Афанасий Степанович, а за ним и Тимоха, как только узнали, что Селивёрста Павловича чуть не задрал медведь, оба пожелали поехать с нами на мельницу. Ефим Ильич поначалу сопротивлялся и говорил, что ему нужны мужики покрепче. «Медведь-то крупный, завалить его на сани и справиться с лошадьми не так-то будет просто». Однако ни тот, ни другой и слышать ничего не хотели.

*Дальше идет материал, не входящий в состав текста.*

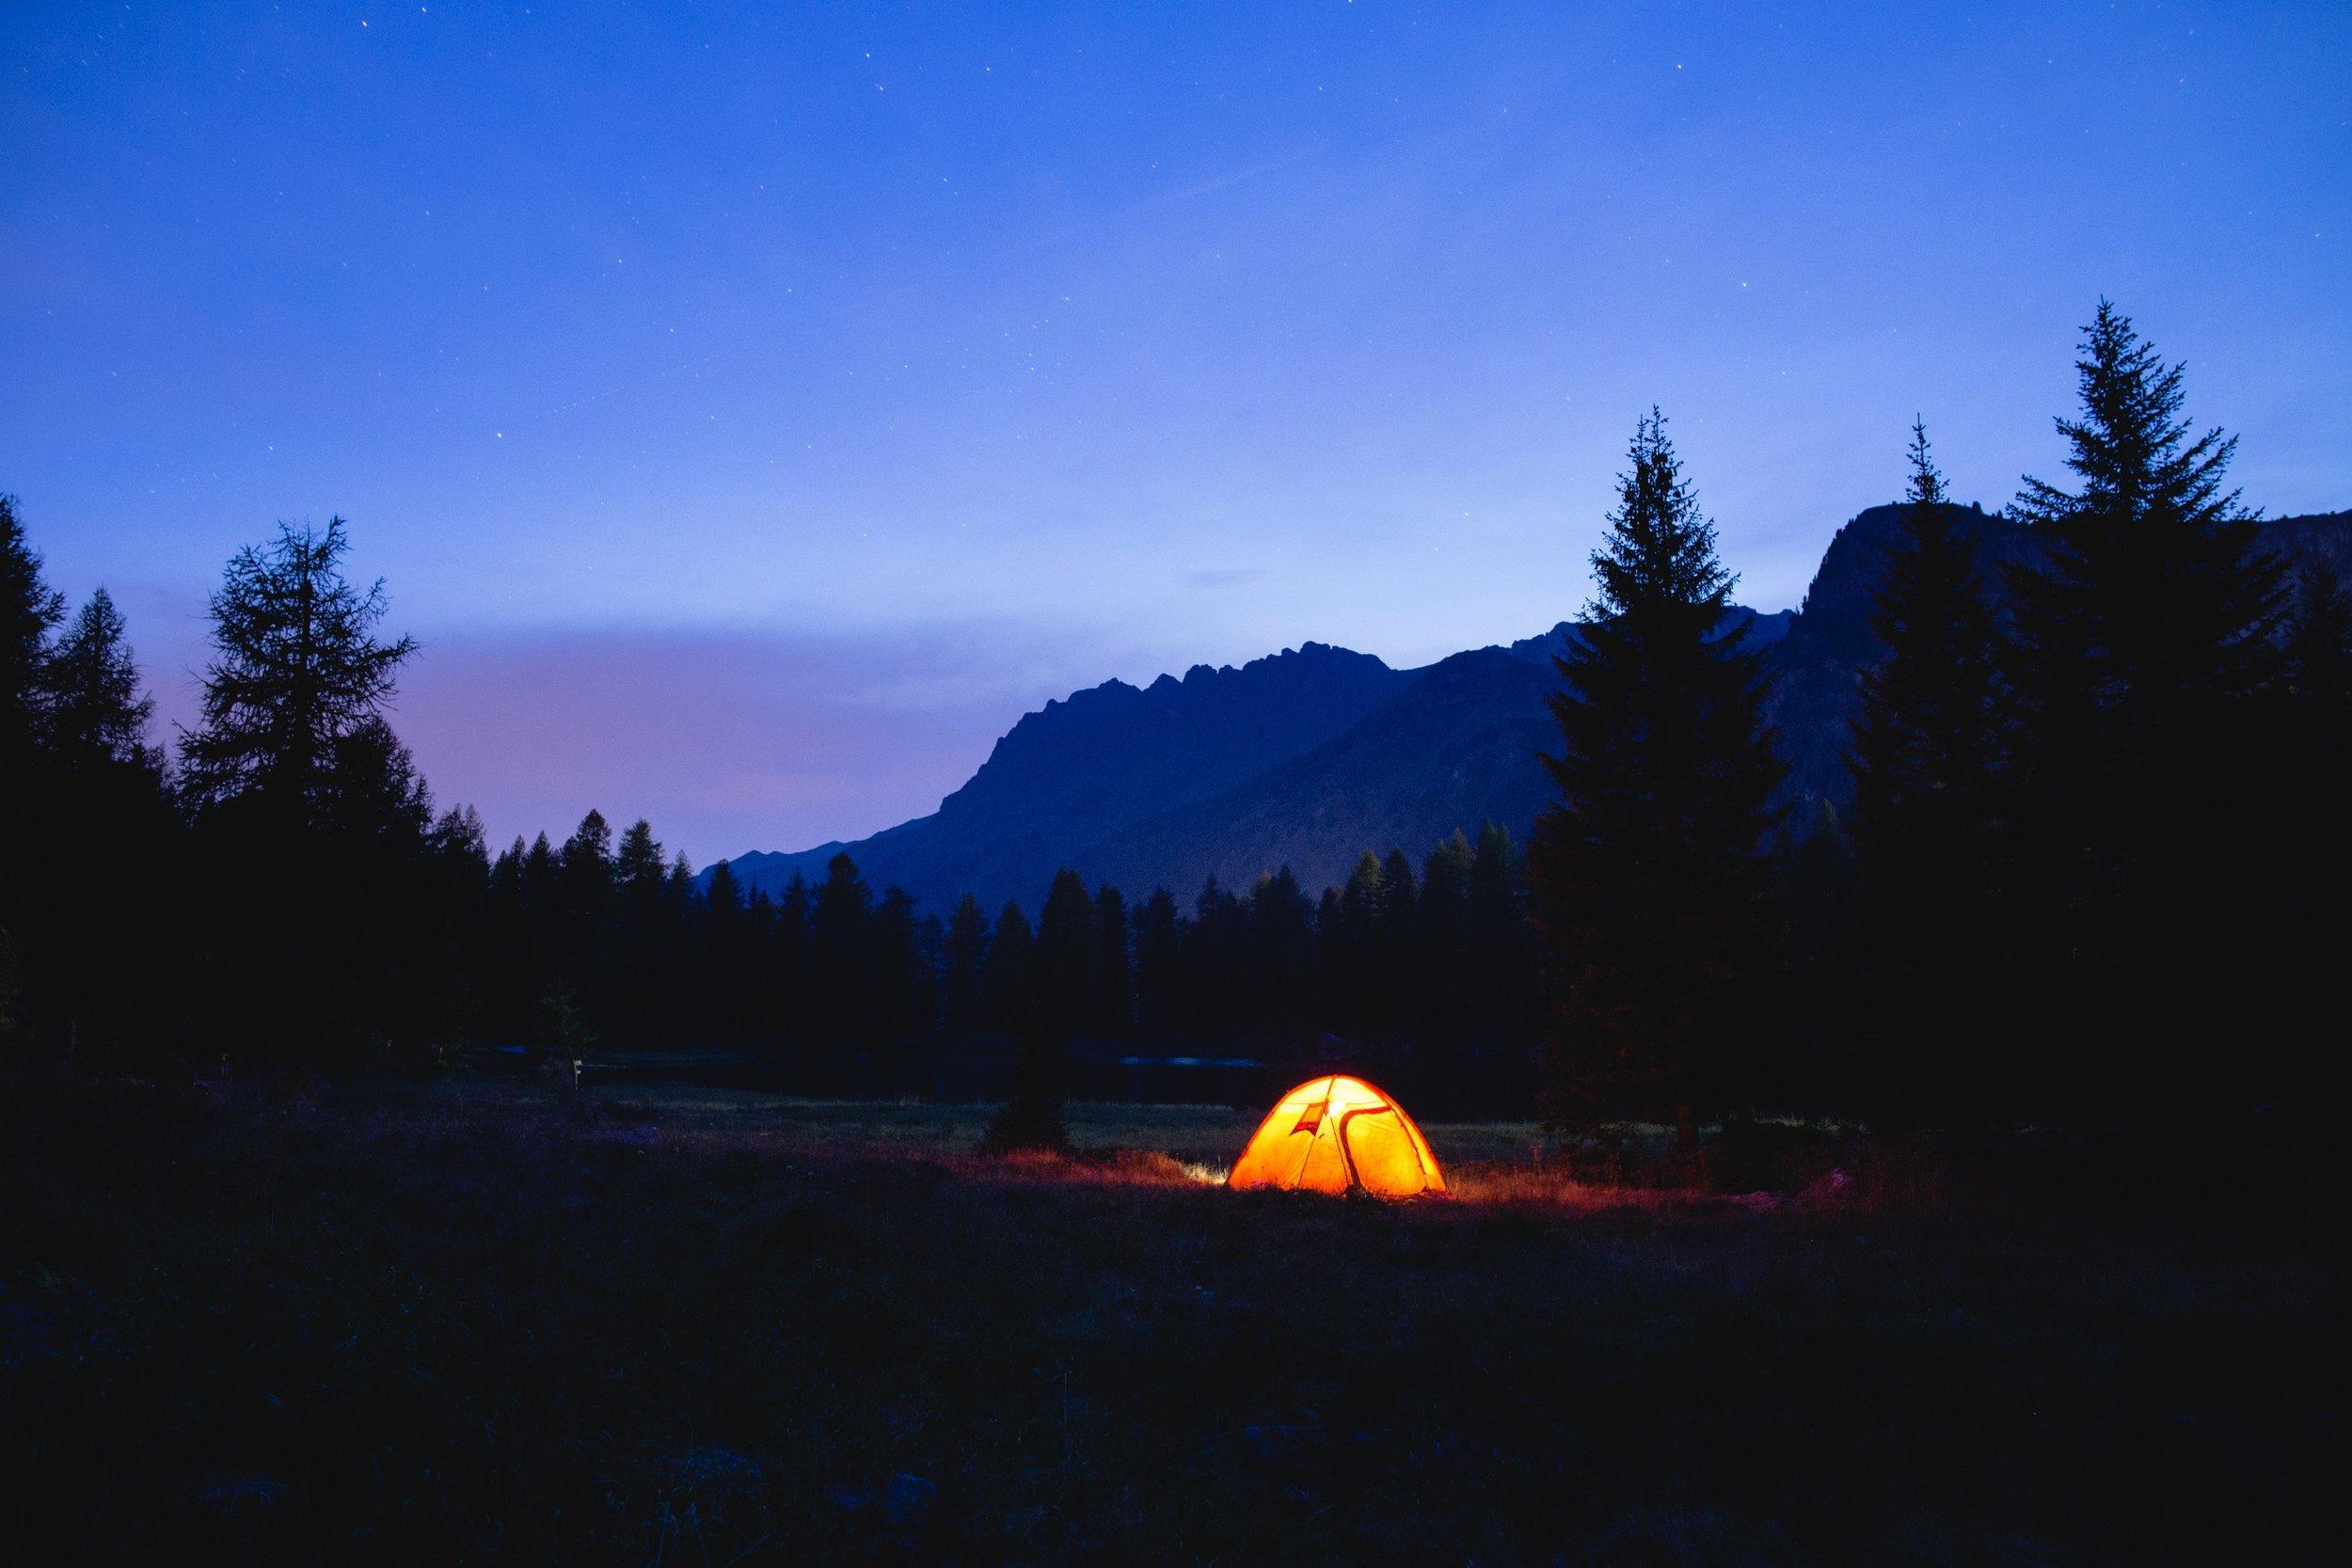 An illuminated tent under a darkening sky.

Мол, бери, и весь разговор.

Афанасий Степанович, когда мы с ним запрягали лошадей, не без затаенной мысли все повторял:

— Чует мое сердце: черной неблагодарностью аукнулась Селивёрсту его доброта.

— Почему же? — спросил я его, не понимая, о чем это он.

— Медведь-то небось, чай, с простреленной ногой… Ты его, случаем, не узнал?!

— Было там когда узнавать, вертелось все как в аду…

— Понимаю тебя, понимаю… И везет же тебе, Юрья. Вечно ты суешься, чай, судьба у тебя такая, что ли?..

— Не знаю, — рассеянно ответил я.

Внутри еще не осели страх и смятение от всего, что случилось с нами утром на мельнице. Говорить и обсуждать мне совсем не хотелось.

Ляпунов дал лошадей и отпустил Афанасия Степановича и Леньку Елукова — после окончания семилетней школы он работал в колхозе возчиком. Так, впятером на двух санях, не мешкая, тут же мы и выехали, чтобы к вечеру домой вернуться. В одни сани запрягли колхозную двойку, во вторые — лошадь лесничества и пустили ее на привязи следом за нами.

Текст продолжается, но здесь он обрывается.